Task prompt
Could you give the data below again exactly, apart from the pictures?

Exercise input
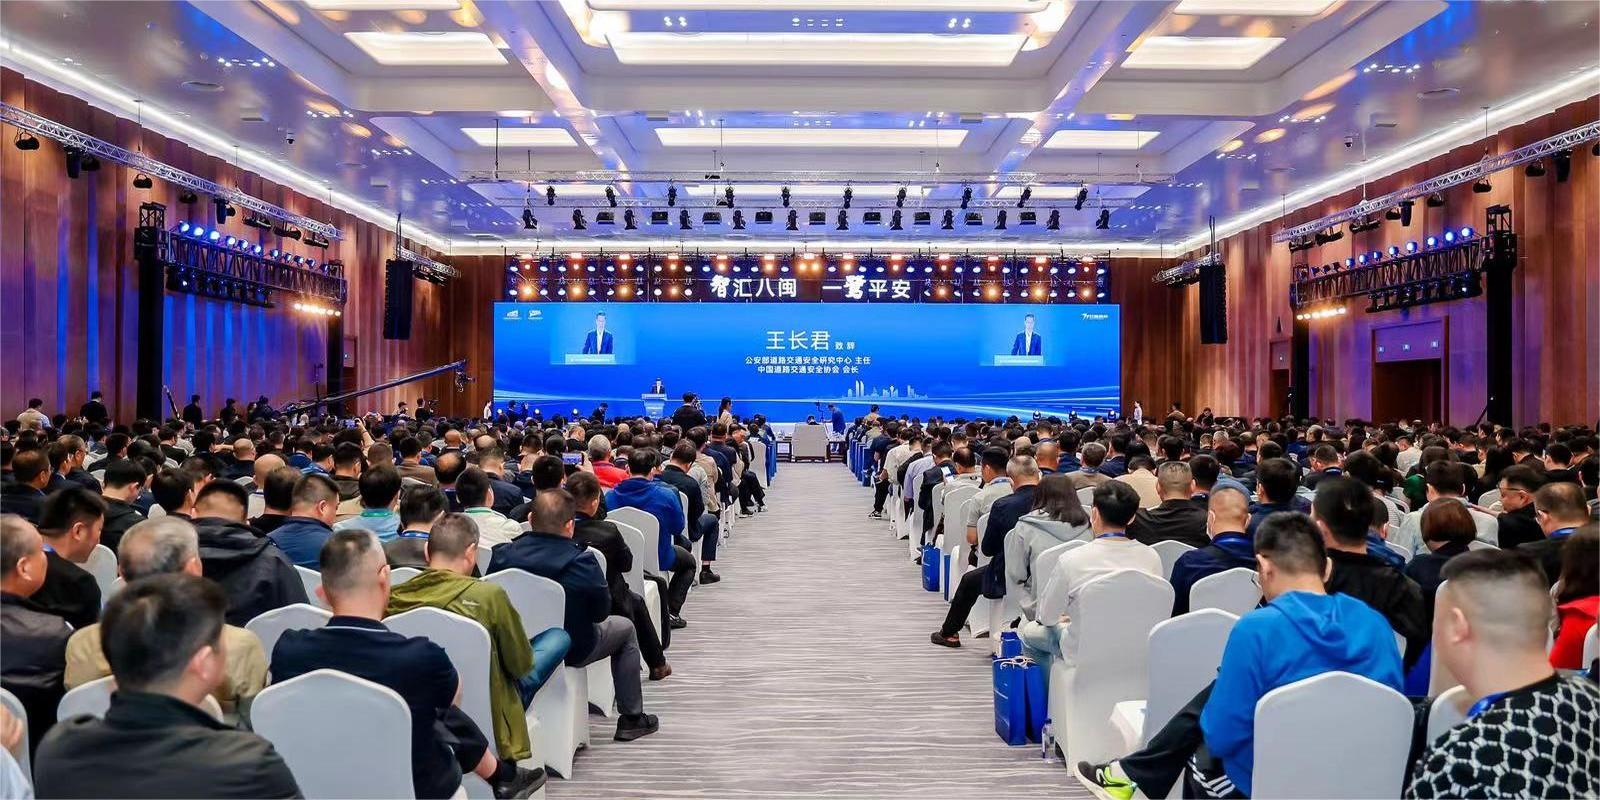 2024年中国道路交通安全创新与合作大会在厦门举办
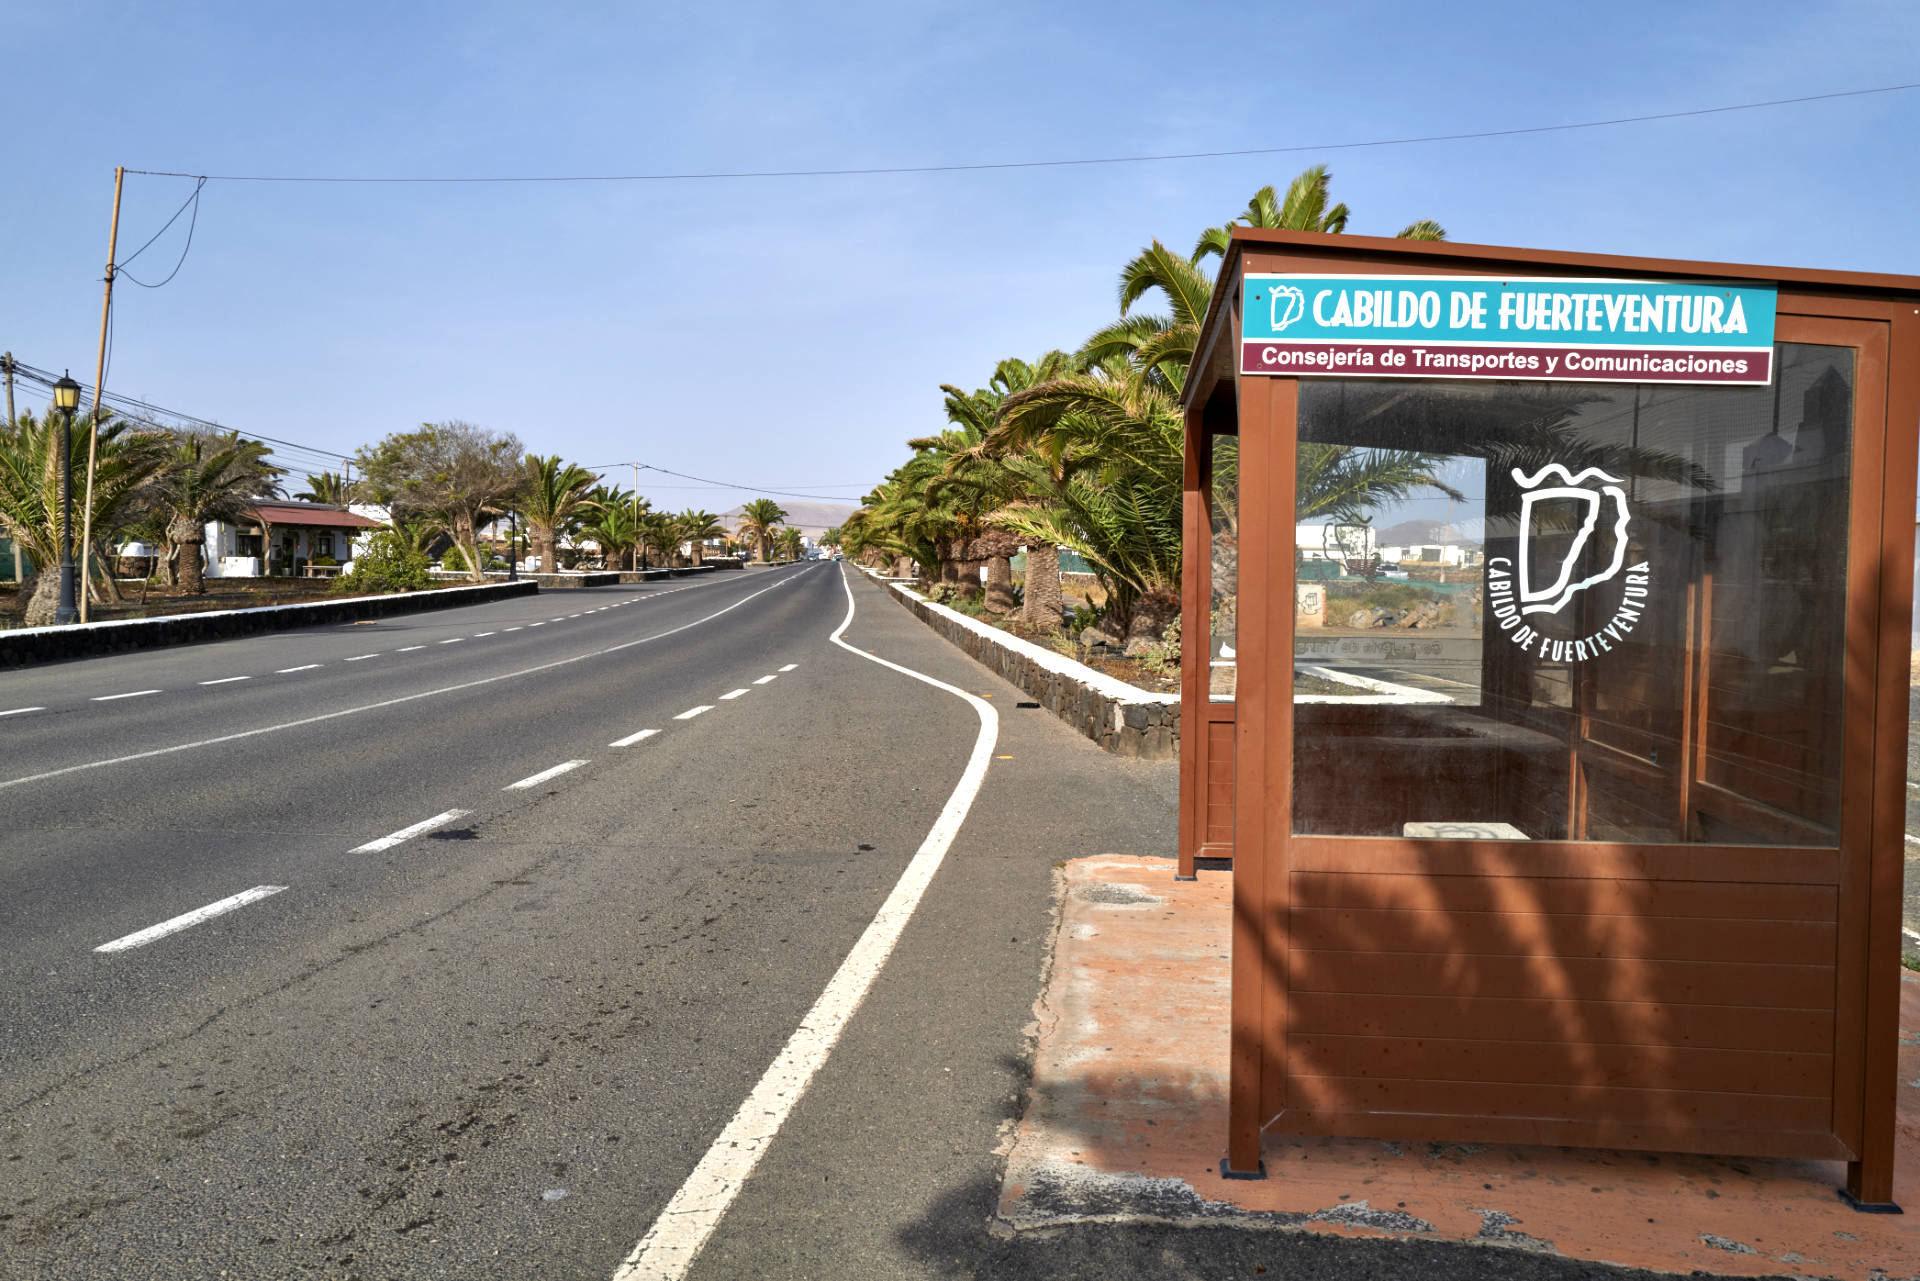 Parada – Bussation – in der Gemeinde La Oliva Fuerteventura.
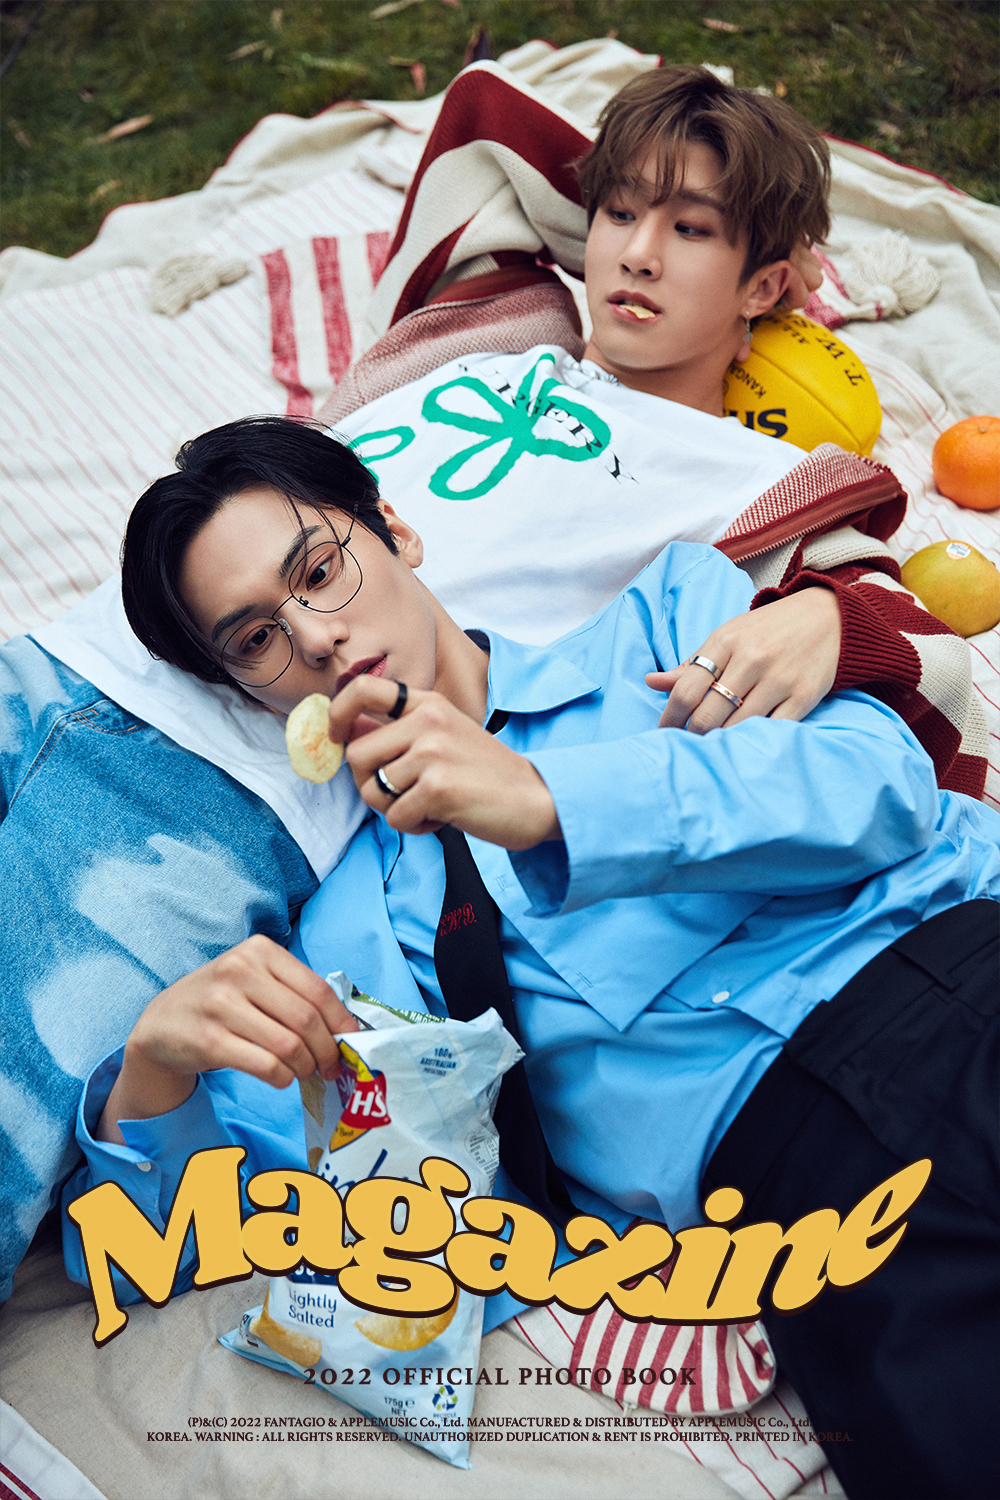 Jinjin & Rocky, 'Hip & Cool' photobook teaser image released
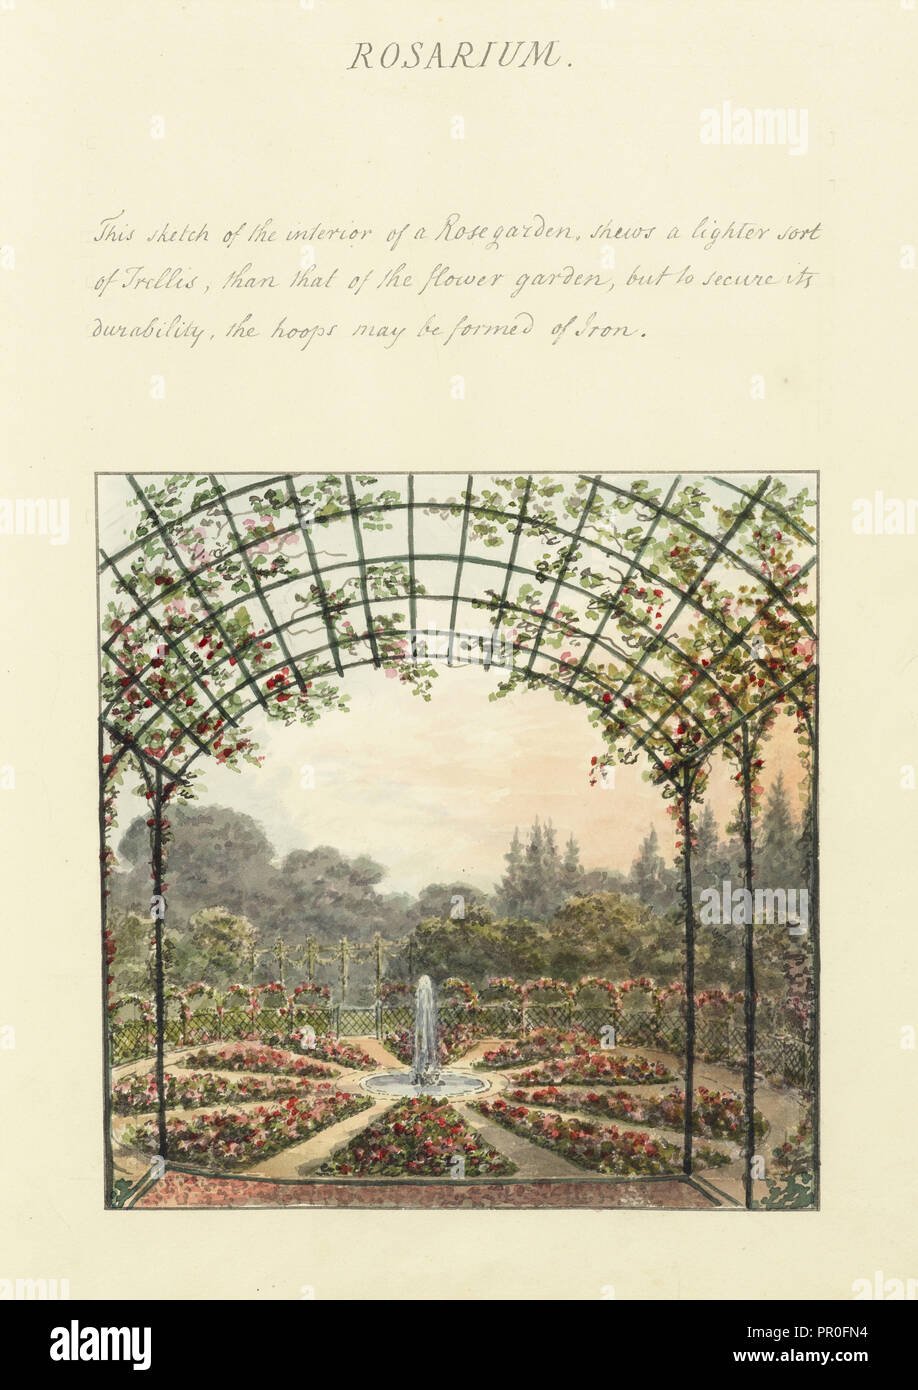 Rosarium, Humphry Repton architettura e paesaggio progetta, 1807-1813, relazione concernente i giardini di Ashridge, rispettosamente Foto Stock
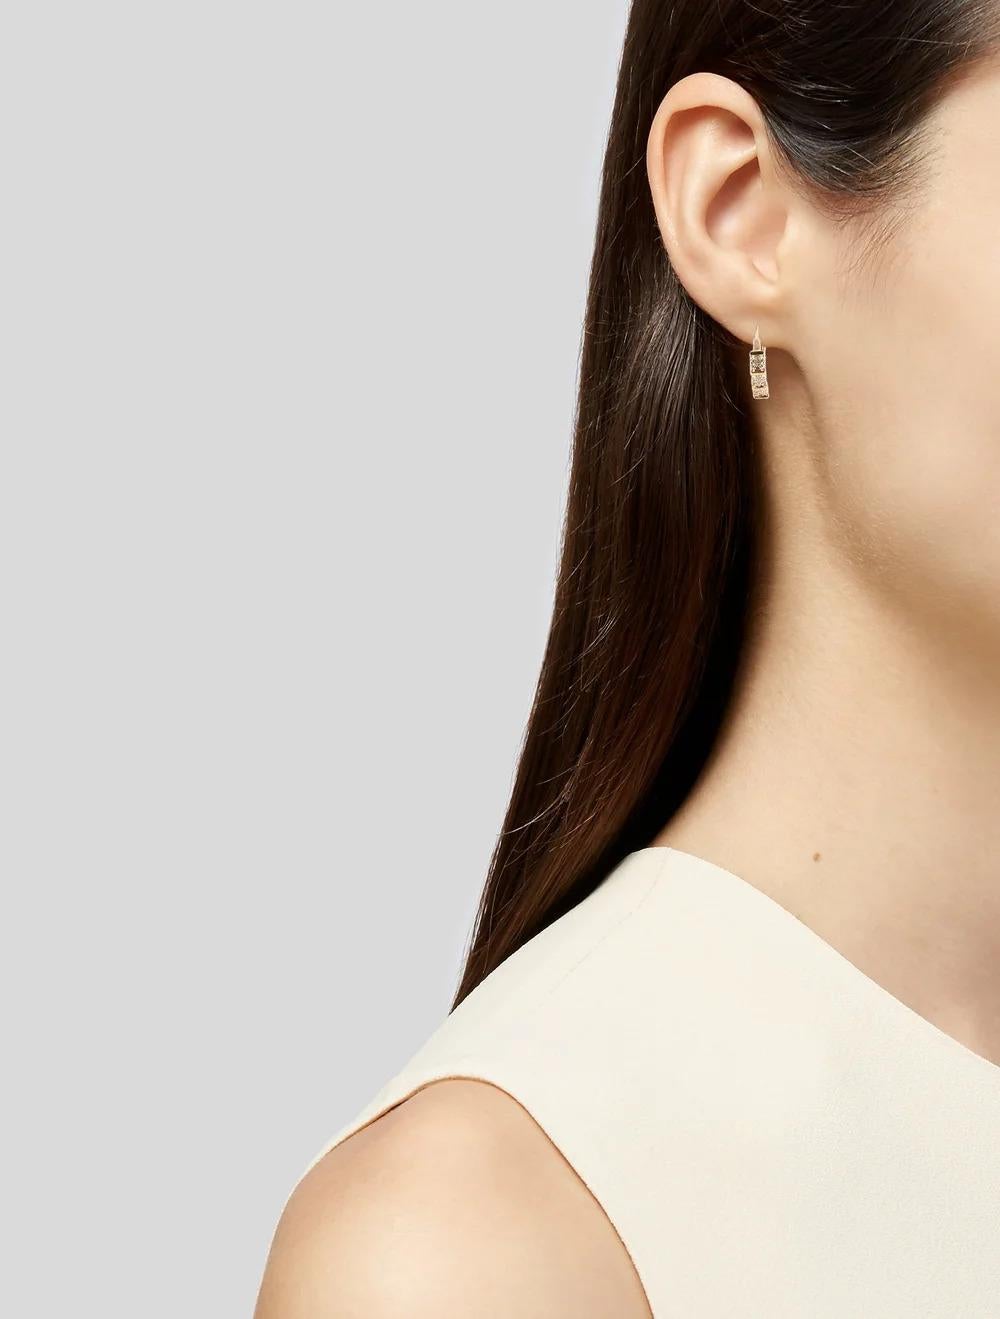 Single Cut 14K Diamond Hoop Earrings - Stunning & Elegant Statement Jewelry, Luxury Piece For Sale

Your response
 2024年中国道路交通安全创新与合作大会在厦门举办
 Parada – Bussation – in der Gemeinde La Oliva Fuerteventura.
 Jinjin & Rocky, 'Hip & Cool' photobook teaser image released
 Rosarium, Humphry Repton architettura e paesaggio progetta, 1807-1813, relazione concernente i giardini di Ashridge, rispettosamente Foto Stock
 Single Cut 14K Diamond Hoop Earrings - Stunning & Elegant Statement Jewelry, Luxury Piece For Sale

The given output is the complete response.